The costs associated with older people will not diminish anytime soon. Today’s youngest Baby Boomers will still be in the workforce 15 years from now. As a demographic group, their health costs will balloon as they age and use medicine to live long, active lives. Advances in health care are part of the reason we’re living longer, which in turn is driving our national health care spending even higher.

Did you know?

Approximately one-third of health care treatments, costing $750 billion annually, are unnecessary. Millions of patients receive unnecessary treatments each year, leading to complications, reduced productivity, and significantly higher costs.

Source: Institute of Medicine Report, September 2012.

Consolidation in the health care marketplace means less competition. That gives employers less leverage to negotiate favorable pricing. As a result of consolidation, many health care systems have transitioned services from a not-for-profit to for-profit status, adding the cost of “profit” to medical charges. In addition, there continues to be a great deal of opportunity to streamline the wide range of administrative processes used today in order to eliminate waste from the system.

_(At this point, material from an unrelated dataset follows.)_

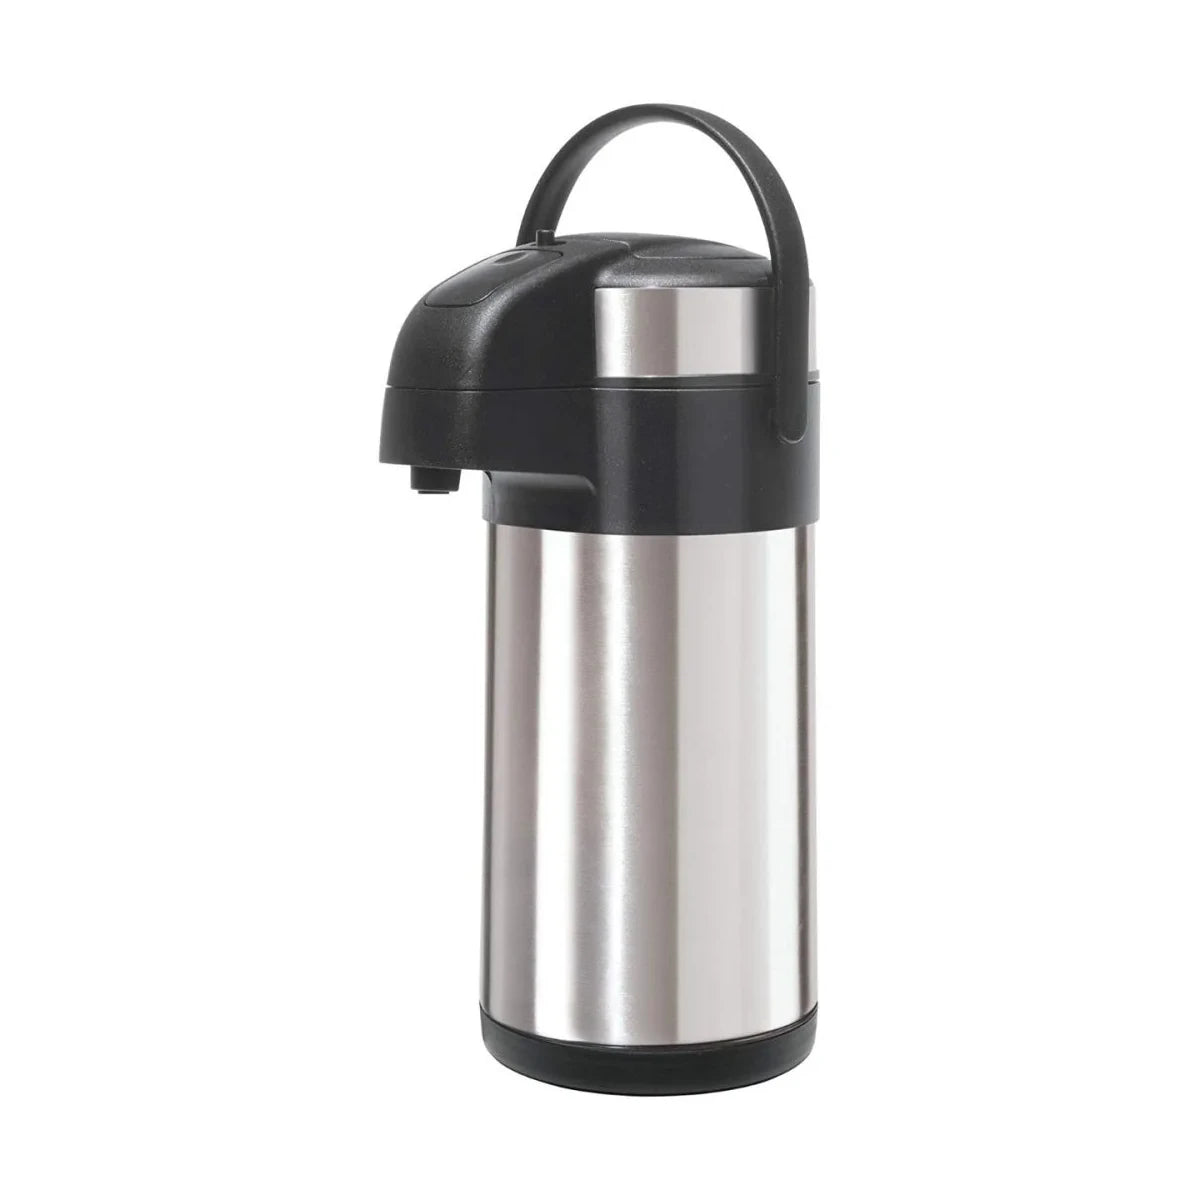 Thermal Carafe - Air KingTM Carafe Stainless Steel Liner 102 oz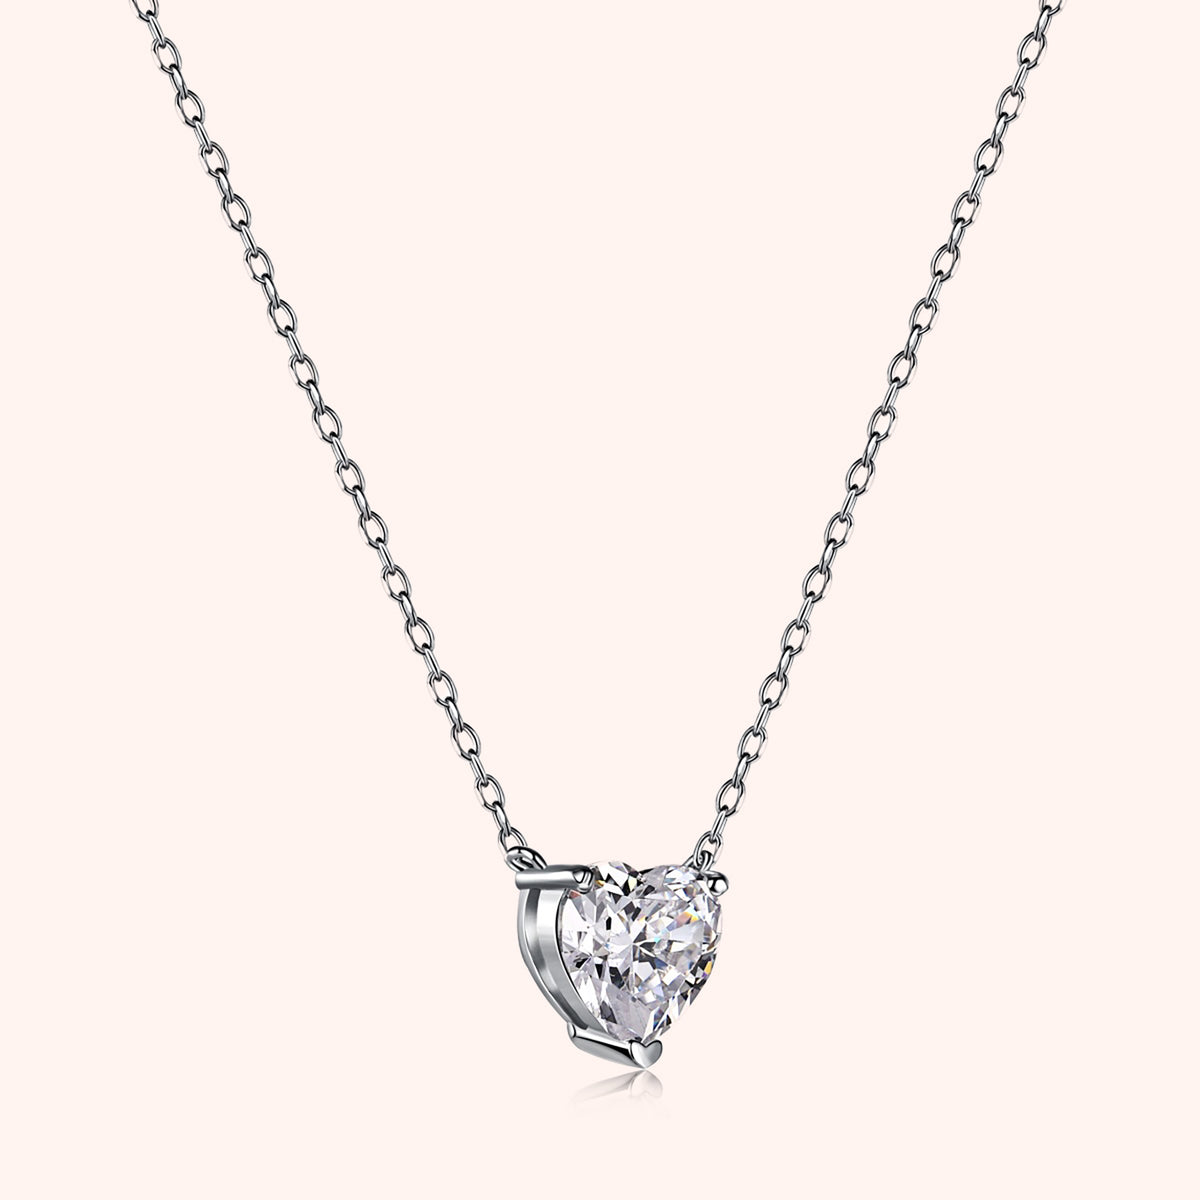 Silver Moonrise Heart Necklace

Governmental factors also play a role in health care cost inflation. Hospitals and doctors receive limited reimbursement from Medicare and Medicaid for patients in those systems. To keep operating at a profit, they must recover those “losses” through the prices they charge commercially insured patients, most of whom have coverage from their employers. Ultimately, it’s the employer and covered employees who end up footing the bill for low reimbursement levels by Medicare and Medicaid and the uninsured.